Companies likely will have to offer higher salaries to attract those engineers, if they aren’t already doing so.

“For the most part, we’re hearing if you pay enough, there’s no shortage,” Dziczek said.

Information technology is another area where good-paying jobs are going begging.

“I’ve got 250 to 300 IT jobs I can’t fill,” Stites said. “Everybody depends on IT. It’s the grease that makes companies run.”

Experts say there are many reasons why so many Michigan workers lack the skills needed to prosper in today’s economy.

“We’re a poorly educated state,” Stites said. “We lived high on the hog for a long time without being well-educated, but being paid like we were. Now management says we’re going to be paid what we’re worth. The realization hasn’t sunk in with a great many people.”

About 27 percent of Michigan residents have a four-year college degree or higher, compared to 31 percent for the nation, according to the latest census figures. Michigan ranks 37th in educational attainment among the states.

A new forecast from the Center for Automotive Research predicts that Michigan will add 43,150 auto jobs through the end of the year.

Most of them will be hourly positions, but they won’t be your father’s factory jobs. Math and computer education beyond high school are on the requirement lists.

Another factor hurting employment prospects is that thousands of workers were unemployed for so long during the recession that their skills became outdated. And older workers can find retraining for new jobs or career changes a daunting prospect.

“You’re 50 years old. You’ve done this your entire life. Going back to school is terrifying,” said Malorie Kersten of the Michigan Works Association, an umbrella organization serving the 25 local Michigan Works agencies.

It’s also an unsettling time for job-training efforts in the state.

Michigan’s work force development organization is in the process of being relocated to the MEDC, where many of its traditional economic development programs are being revamped.

The federal Workforce Investment Act funded much of the state’s job-training work, known in the administration of Gov. Jennifer Granholm as No Worker Left Behind.

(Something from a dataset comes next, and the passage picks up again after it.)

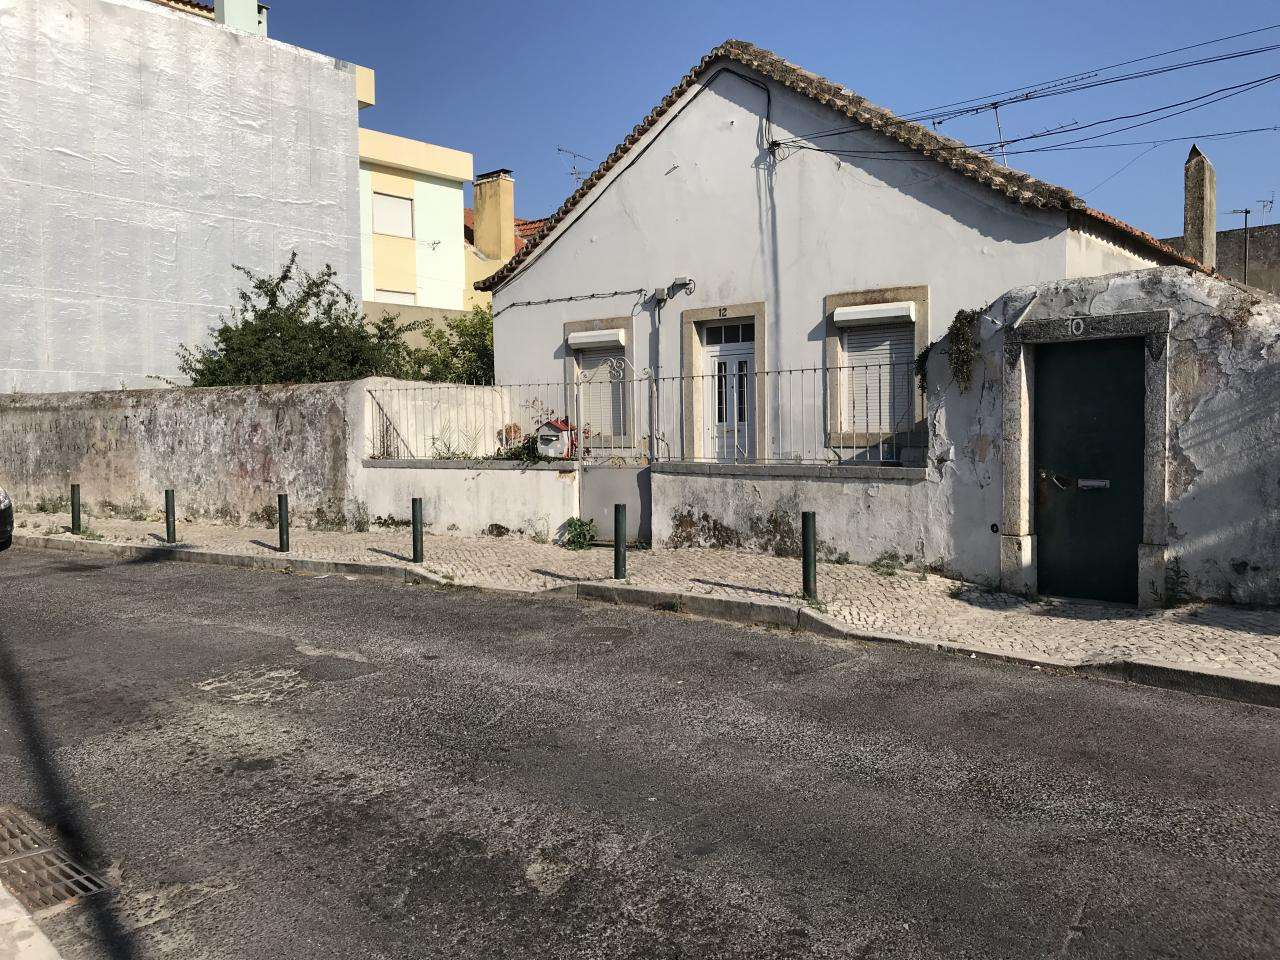 Moradia para comprar, Queluz e Belas, Sintra, Lisboa - Foto 1

But this effort is under attack in budget negotiations in Washington.

The act has allocated about $200 million a year in job-training funds to Michigan. If those funds are lost, the Michigan Works agencies would shut down, Stites warned.

Back in Lansing, Gov. Rick Snyder’s budget proposes to fund community colleges, a crucial component in upgrading worker skills, through the School Aid Fund. But public school officials are strongly opposed to the idea, saying it will reduce money meant for the K-12 system.

“Not only is the federal level up in the air, there could be significant cuts in state adult education and training (if Snyder’s budget isn’t approved),” said Cell of the MEDC. “We’re going to be in a very challenging situation once all the dust settles.”

Good said one successful aspect of Michigan’s work force development strategy are the Michigan Regional Skills Alliances, in which employers, educators and community leaders address local needs. In one case, a skills alliance including Mott Community College quickly established a special training program to get unionized painters certified when federal requirements for bridge painting changed.

“There needs to be a lot of customizing in job training,” Good said. “It requires a deeper, clearer and quicker understanding of what employers need.”

And employers’ needs for skilled workers are only going to get stronger as the baby boomers retire, said Lange of Cignys.

“We have a lot of gray-haired guys who are very talented and very good,” he said. “Replacing them is tough.”